Raleigh singer-songwriter Tift Merritt has always been game for taking on large-scale projects beyond just music, including photography exhibitions and hosting a public-radio show in Marfa, Texas. This year she’ll present The Other Side of Hungry River—a symphonic collaboration with NC State director of orchestral studies Peter Askim. Inspired by Dix Park’s previous history as a mental institution and slave plantation, the piece will debut April 19 at NC State’s Stewart Theatre, performed by the Raleigh Civic Symphony.

Also in the works is the first-ever album by North Carolina Poet Laureate Jaki Shelton Green, about which she says, “I am both excited and terrified.” The album will consist of musical adaptations of the North Carolina Literary Hall of Famer’s poems, including Letter From the Other Daughter of the Confederacy, For the Lover Who Eats My Poems and A Litany for the Possessed. Recording details are still coming together, but the album is expected to be released sometime in 2020.

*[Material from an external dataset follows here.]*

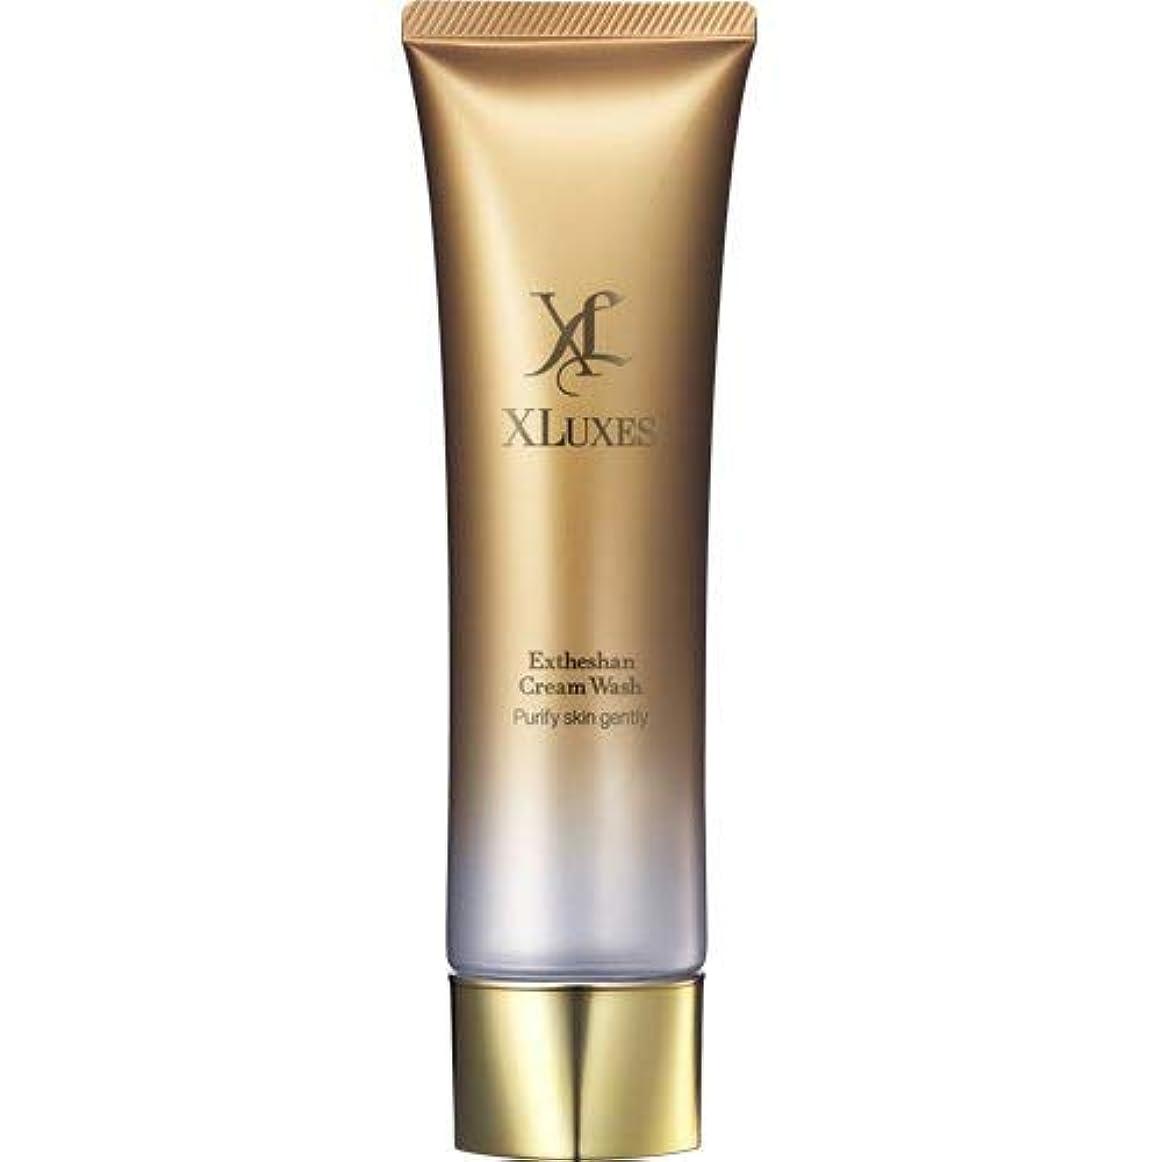 偏心一緒に中央XLUXES 美容液洗顔 [ヒト幹細胞 培養液配合] エグゼティシャン クリームウォッシュ (ダマスクローズの香り)

Other acts with new music on the way in 2020 are Raleigh roots-rock band American Aquarium, whose eighth studio album, Lamentations, is due out in April; Chapel Hill-based Americana duo Mandolin Orange, who have quickly graduated from headlining clubs to amphitheaters over the past few years; and Durham electronic duo Sylvan Esso’s followup to their Grammy-nominated 2017 album What Now.

Maybe the best way to ring in 2020 is with Steep Canyon Rangers’ just-released North Carolina Songbook. Recorded live at the 2019 MerleFest, it’s a compilation in which the Grammy-winning bluegrass group covers everything from jazzman Thelonious Monk to onetime Chapel Hill resident James Taylor—a pitch-perfect rendition of Sweet Baby James.

Like the North Carolina music it honors, it’s sweet.